Происходившее в эти августовские дни меньше всего вызывало ассоциации со временами Наполеона. Тот же Краснов с полным основанием указывал, что переворот в наполеоновском духе неизбежно предполагает некую театральность. "Собирали Ш-й корпус под Могилевом? Выстраивали его в конном строю для Корнилова? Приезжал Корнилов к нему? Звучали победные марши над полем, было сказано какое-либо сильное, увлекающее слово — Боже сохрани, не речь, а именно слово? Была обещана награда? Нет, нет и нет. Ничего этого не было. Эшелоны ползли по железнодорожным путям, часами стояли на станциях. Солдаты толпились в красных коробках вагонов, а потом на станции толпами стояли около какого-нибудь оратора — железнодорожного техника, постороннего солдата — кто его знает кого? Они не видели своих вождей с собой и даже не знали, где они". Вывод Краснова звучит почти обвинением: "Корнилов задумал такое великое дело, а сам остался в Могилеве, во дворце, окруженный туркменами и ударниками, как будто и сам не верящий в успех".[360]

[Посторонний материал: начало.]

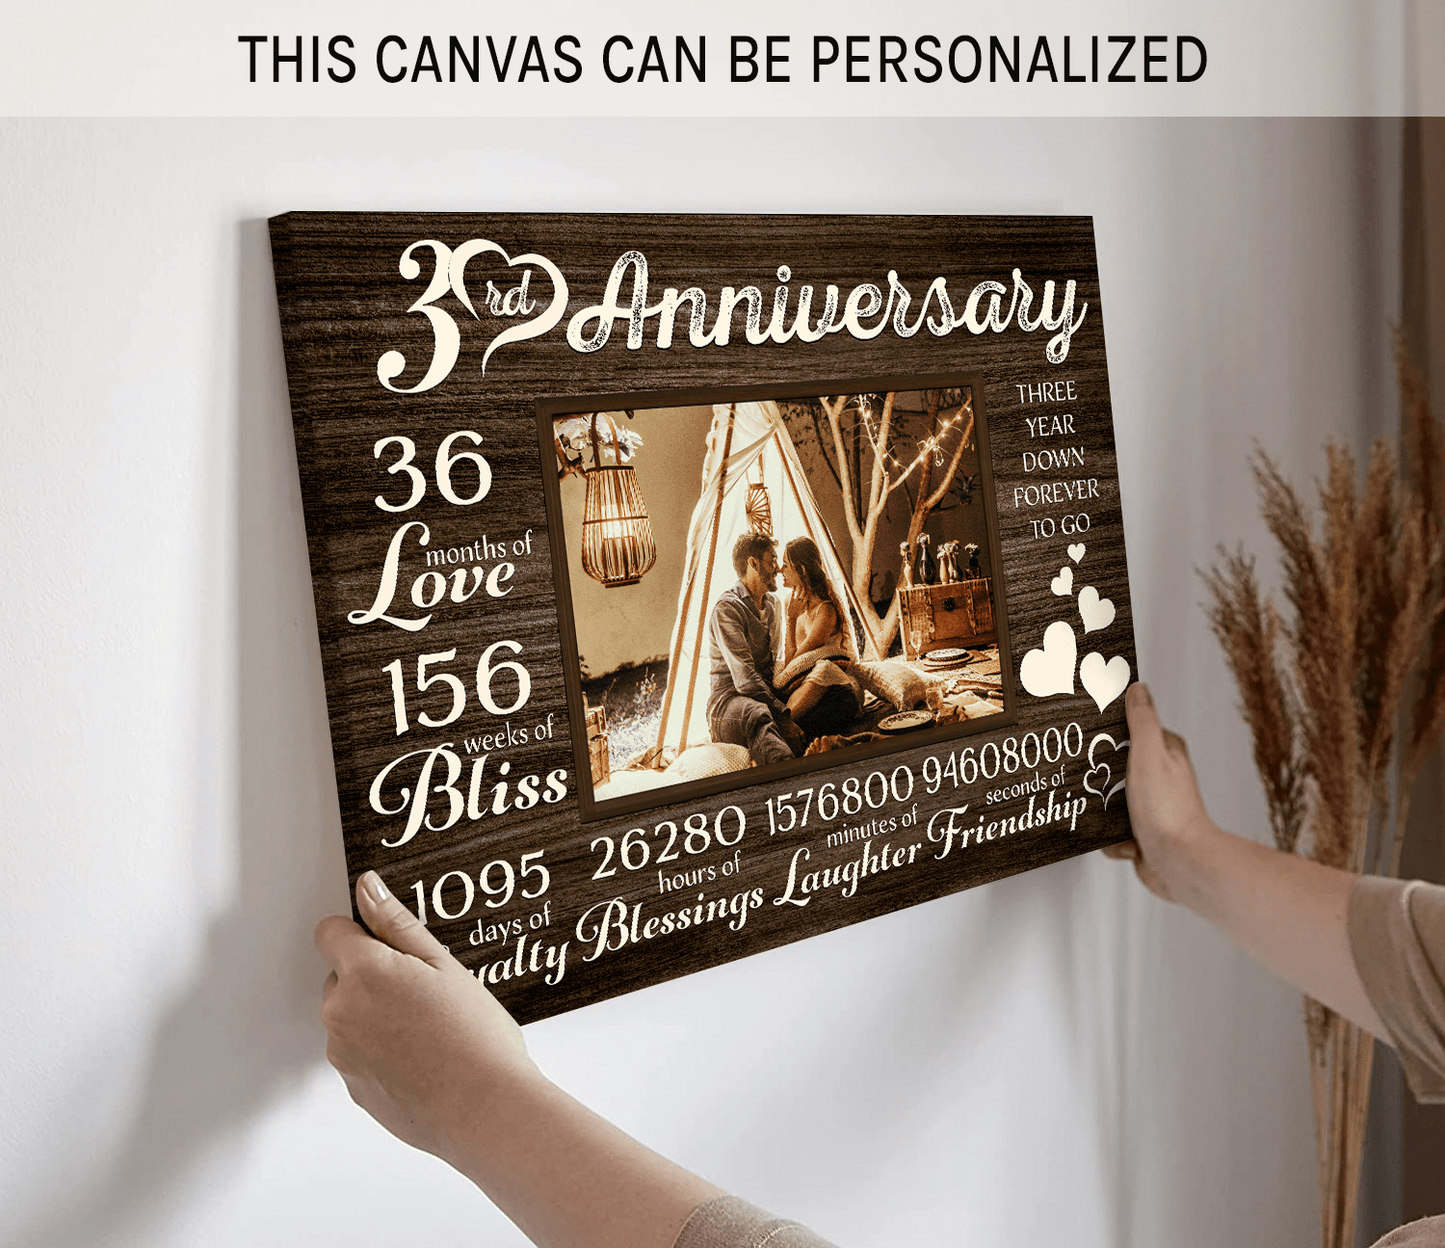 Personalized 3 year anniversary gift for him for her - 36 months of love - custom Couple Canvas print - MyMindfulGifts

Такого рода вопросы появлялись у многих. Позднее французский корреспондент Клод Ане прямо спросил Корнилова, как могло случиться, что, разорвав с Керенским, он сам не пошел на Петроград. Ведь если бы главковерх встал во главе наступающих войск, он занял бы Зимний дворец без единого выстрела. Корнилов ответил: "Если бы я был тем заговорщиком, каким рисовал меня Керенский, если бы я составил заговор для низвержения правительства, я, конечно, принял бы соответствующие меры. В назначенный час я был бы во главе своих войск и подобно вам не сомневаюсь, что вошел бы в Петроград почти без боя. Но в действительности я не составлял заговора и ничего не подготовил. Поэтому, получив непонятную телеграмму Керенского, я потерял двадцать четыре часа. Как вы знаете, я полагал или что телеграф перепутал, или что в Петрограде восстание, или что большевики овладели телеграфом. Я ждал или подтверждения или опровержения. Таким образом я пропустил день и ночь: я позволил Керенскому и Некрасову опередить себя… Железнодорожники получили приказы: я не мог получить поезда, чтобы приехать в окрестности столицы. В Могилеве мне бы дали поезд, но в Витебске бы меня арестовали. Я мог бы взять автомобиль: но до Петрограда 600 верст по дурным дорогам. Как бы то ни было, в понедельник, несмотря на трудности, я еще мог бы начать действовать, наверстать потерянное время, исправить сделанные ошибки. Но я был болен, у меня был сильный приступ лихорадки и не было моей обычной энергии".[361]